Christie: “One state retiree, 49 years old, paid, over the course of his entire career, a total of $124,000 towards his retirement pension and health benefits. What will we pay him?  $3.3 million in pension payments over his life and nearly $500,000 for health care benefits — a total of $3.8m on a $120,000 investment.   Is that fair? A retired teacher paid $62,000 towards her pension and nothing, yes nothing, for full family medical, dental and vision coverage over her entire career. What will we pay her?  $1.4 million in pension benefits and another $215,000 in health care benefit premiums over her lifetime. Is it “fair” for all of us and our children to have to pay for this excess?” Comment: These are the kinds of figures that Democrats have been hiding for decades. Christie will cause a major political shift by finally exposing them. The people of New Jersey are going to be aghast at what has been going on underneath their noses.

 

Christie: “The total unfunded pension and medical benefit costs are $90 billion. We would have to pay $7 billion per year to make them current. We don’t have that money—you know it and I know it. What has been done to our citizens by offering a pension system we cannot afford and health benefits that are 41% more expensive than the average fortune 500 company’s costs is the truly unfair part of this equation.” Comment: Good. Compare what the citizens get to what the bureaucrats get. There is nothing like a side-by-side comparison to awaken the public.

 

Christie: “I am implementing a solution which insures that every school district has the resources to provide a thorough and efficient education to its students…. Suburban districts will sacrifice.  Urban districts will sacrifice.  Rural districts will sacrifice.  Some, both inside and outside this chamber, will urge you to retreat to the corner and protect your own piece of turf.  Our state is in crisis.  Our people are hurting.  Now is the time when we all must resist the traditional, selfish call to protect your own turf at the cost of our state.  It is time to leave the corner, join the sacrifice, come to the center of the room and be part of the solution.”  Comment: “Sacrifice” used to be code language for “tax increases”. No longer.

 

Christie: “In total, I am cutting spending in 375 different state programs, from every corner of state government… Taken as a package, they will achieve the required savings and eliminate our $2 billion budget gap… I ask of you in the legislature to show the same frankness and commitment.  For inaction is not an option.  That was the path taken for far too long.
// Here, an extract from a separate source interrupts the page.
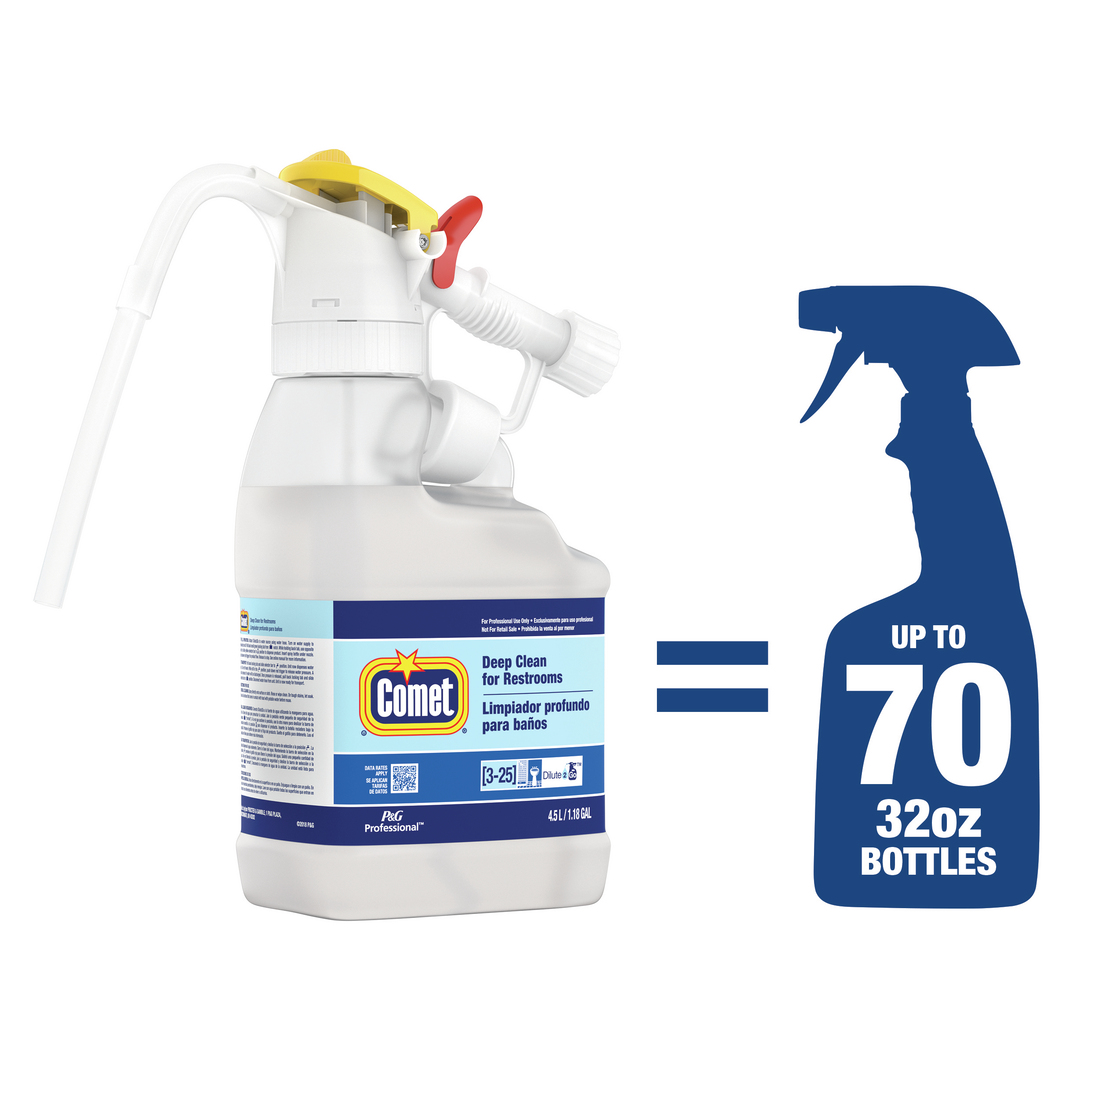 Dilute2Go - Comet Deep Clean | P&G Professional
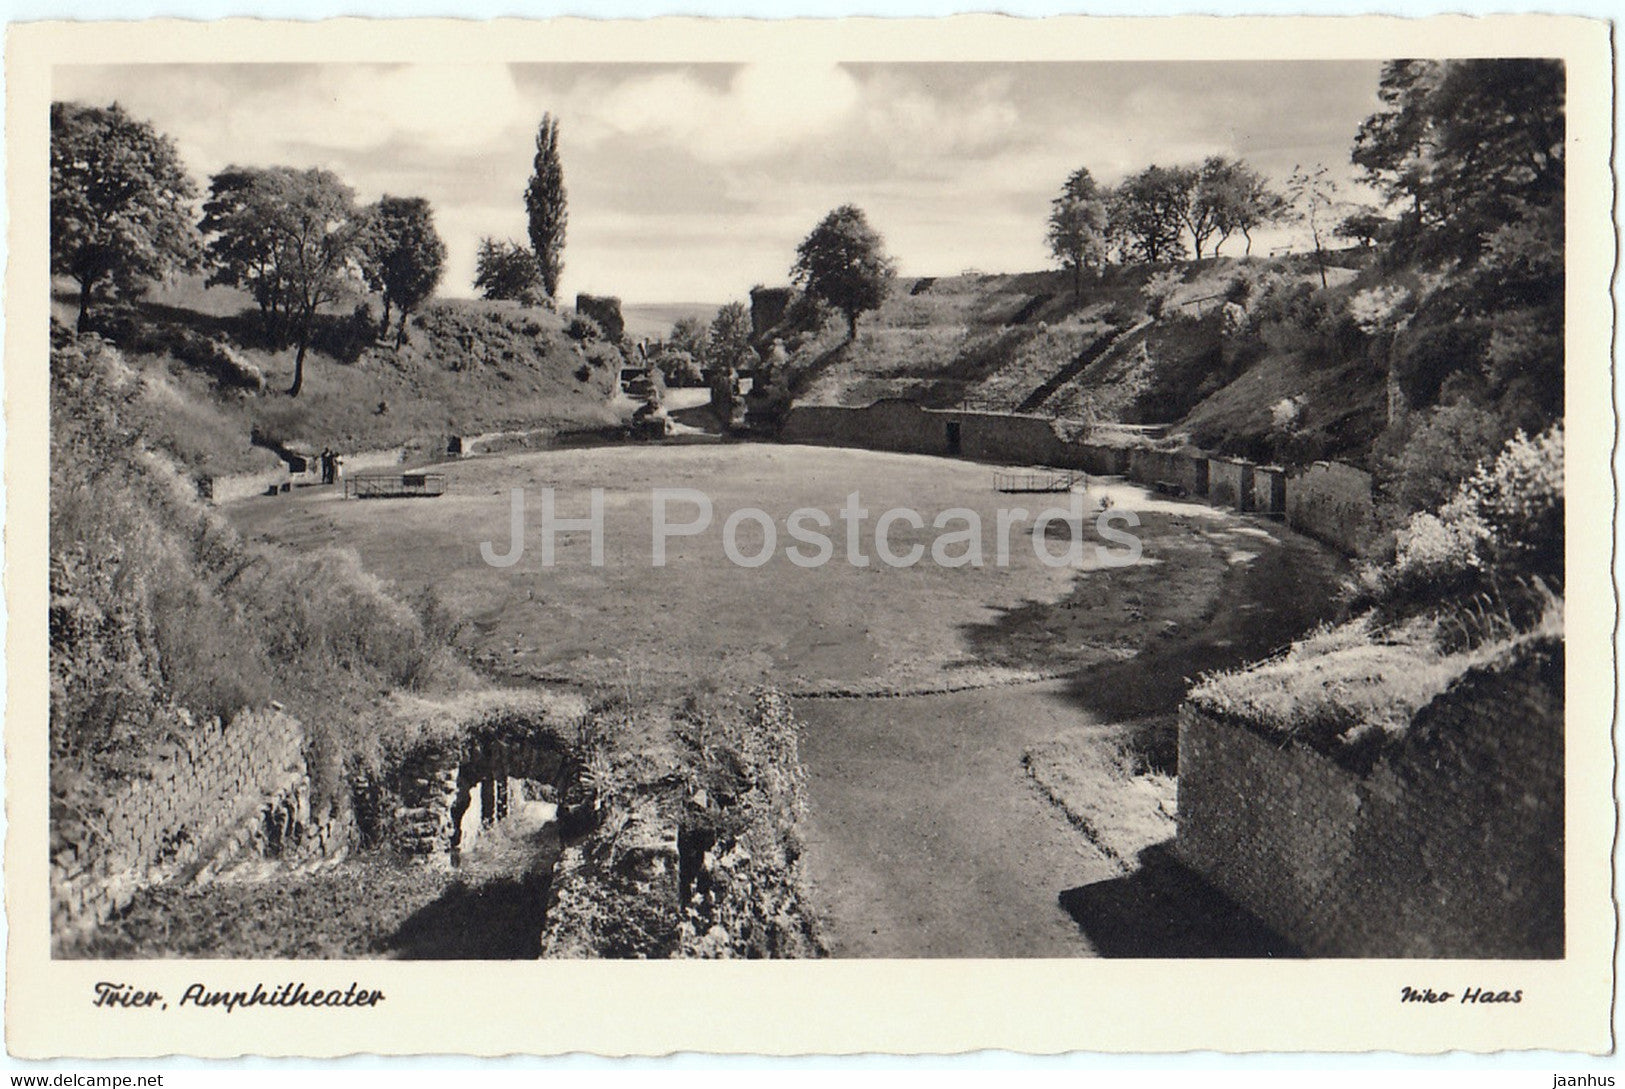 Trier - Amphitheater - ancient theatre - T 810 - Germany - unused - JH Postcards

The cuts I have outlined may sound dramatic.  And they are.  Some sound painful.  And they will be.” Comment: Never before have such truths been uttered in such succinct terms.

 

Christie: “So upon arrival, my administration had $6 billion of balances to work with — $6 billion of balances from which to find $2 billion of savings.  We had to cut 1/3 of our available funds with only 4 ½ months to go in the fiscal year… We chose not to use gimmicks or band aids to hide the budget gap or defer it until next year, when it would be even worse.  We refused to repeat the failures of the past. We chose to confront the problem head on by reforming our spending habits, and laying the groundwork for reform so that we can repair a structural deficit that will be even larger – many times larger – in the next fiscal year, 2011.” Comment: This type of boldness will garner applause from rational people, while the greedy Democrats scowl that they finally have been exposed and will be forced to give up their financial armchairs.